Лида стояла, не двигаясь. По ее бледным щекам медленно поползли слезы.
«Не плачь, дитятко», — сказала Василиса, поднимаясь с лавки. Она подошла к внучке, обняла ее жесткой, сухой рукой. «Сердце у него каменное от горя нашего. Он боится. Не за себя — за нас. За честь, как он ее понимает».
«Но я же не делаю ничего плохого, бабушка! Коля… он добрый. Он стихи знает, он мне книжки дает… Он не похож на вора. Он… он любит меня», — последние слова Лида выдохнула почти неслышно, прижавшись лбом к плечу старухи.
Василиса тяжело вздохнула. Она глядела в темное окно, где уже метелилось поземка. «Любовь… Она, голубка, не спрашивает, чей ты сын и какой крови. Она, как весенний разлив — придет, не остановишь. Но, Лида… времена нынче какие. Камнем в окно могут бросить. Словом убить. Антон-то по-своему прав. Опасно это».
«А разве можно жить, все время боясь?» — прошептала Лида.
«Можно. Живем же», — устало ответила Василиса. Но в ее глазах, старых, выцветших, как зимнее небо, мелькнула глубокая, неизбывная грусть. Она помнила другие времена. Помнила, как здесь, в этой самой горнице, играли на свадьбе ее дочери, матери Лиды. Как пели песни, не оглядываясь на то, что скажут в сельсовете. Теперь все иначе. Теперь каждый шаг взвешивают, каждое слово обдумывают. А любовь стала преступлением.
В ту ночь Лида долго не могла уснуть. Она лежала на полатях, прислушиваясь к завыванию вьюги и к тяжелому дыханию спящего за перегородкой Антона. Она думала о Николае. О его руках, сильных, но таких осторожных, когда он помогал ей перейти через прорубь на реке. О его голосе, тихом, когда он читал ей Блока: «Ночь, улица, фонарь, аптека…» Как он странно, по-взрослому грустно, улыбнулся тогда и сказал: «У нас, Лида, даже фонаря нет. Только ночь, да улица, да эта аптека жизни, где все лекарства — горькие». Его отец, Петр Сергеевич, бывший счетовод, был осужден два года назад за «хищение колхозного зерна». Дело было темное, многие в селе шептались, что подставили, что он был неугоден председателю. Но приговор — десять лет без права переписки — прозвучал как смертный колокол. Семью выселили из хорошего дома на окраину, в полуразвалившуюся баньку. Мать Николая, Анна Семеновна, сразу поседела. Сестра Катя, ровесница Лиды, замкнулась в себе. А Коля… Коля сжался, как пружина. Он работал в кузнице, молча, яростно, от зари до зари, стараясь хоть как-то прокормить семью. И только с Лидой он оттаивал, говорил, мечтал поехать учиться, стать инженером…

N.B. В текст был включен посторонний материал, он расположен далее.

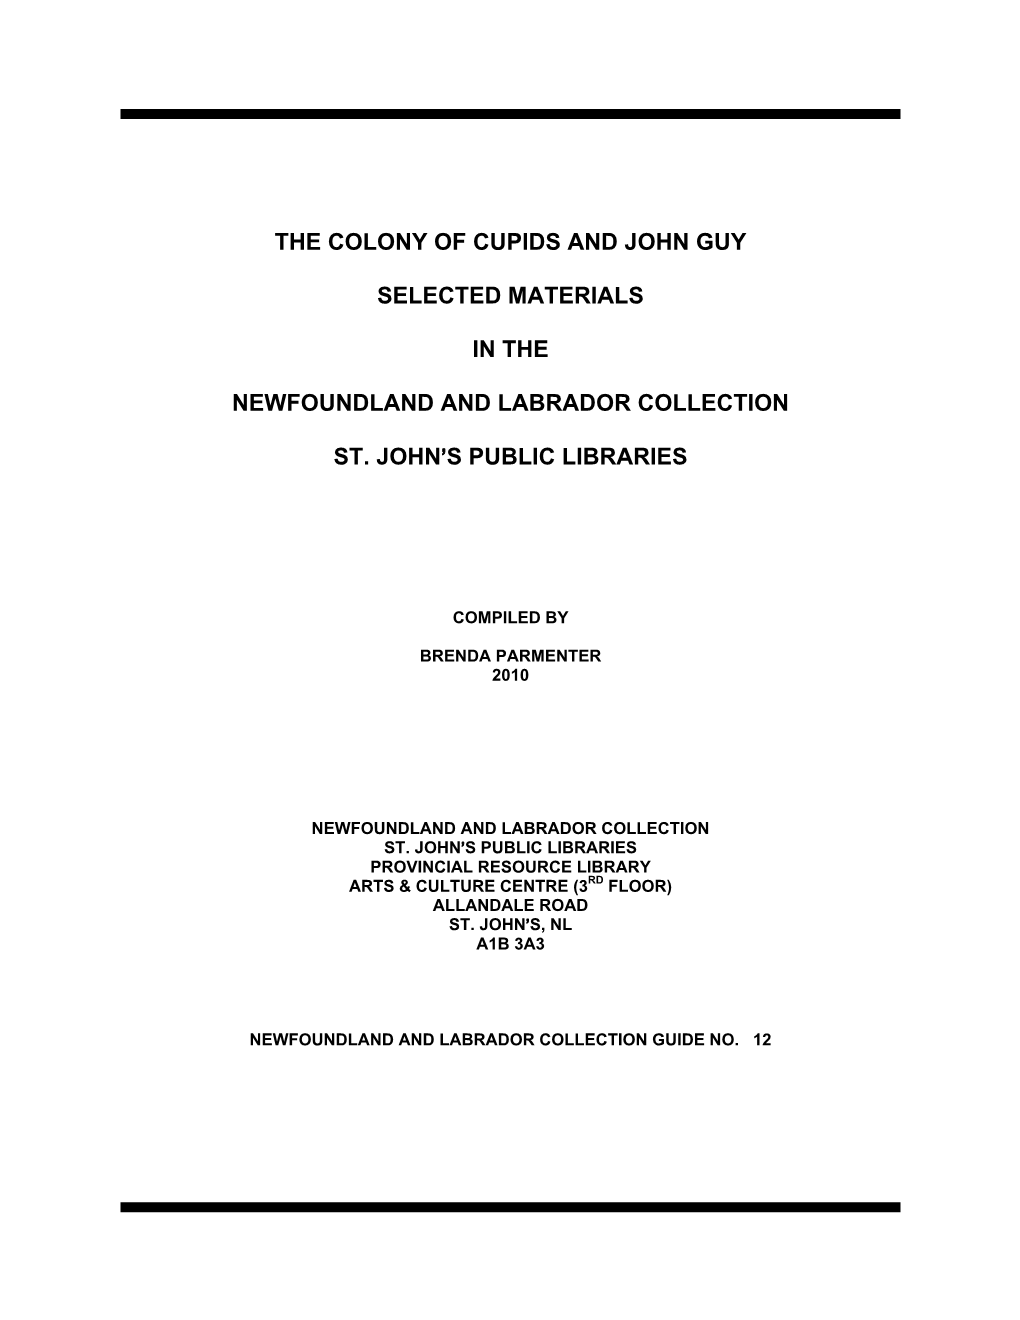 The Colony of Cupids and John Guy Selected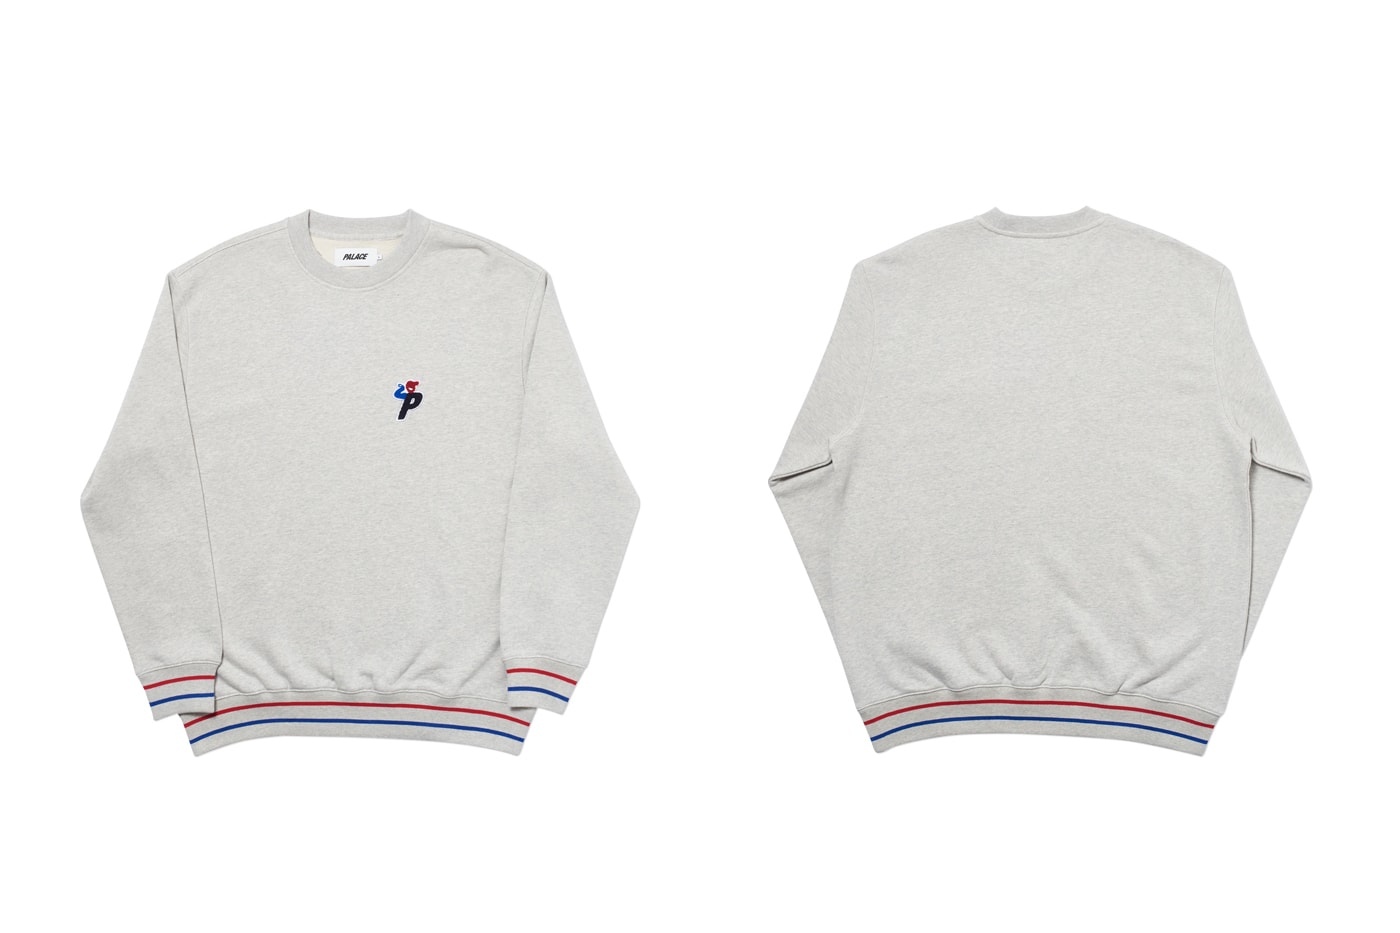 palace spring summer collection release drop 3 date t-shirts hoodies jackets

На чердаке что-то упало — вероятно, сдвинулась от ветра ловушка для дыма. Лида вздрогнула. И вдруг ей стало страшно. Не за себя. За него. За их тихое, хрупкое счастье, такое неуместное в этой суровой, колючей реальности.
А внизу, у печи, не спала Василиса. Она сидела в темноте, и пальцы ее автоматически искали веретено. Но оно лежало на лавке. Она смотрела на фотографию в черной рамке на божнице — на своего Федора и молодых, улыбающихся дочь с зятем. «Что же вы наделали, родные мои? — мысленно говорила она им. — Оставили мне таких внуков. Орла да ласточку. А они друг другу крылья ломают. Как мне их уберечь? Как?»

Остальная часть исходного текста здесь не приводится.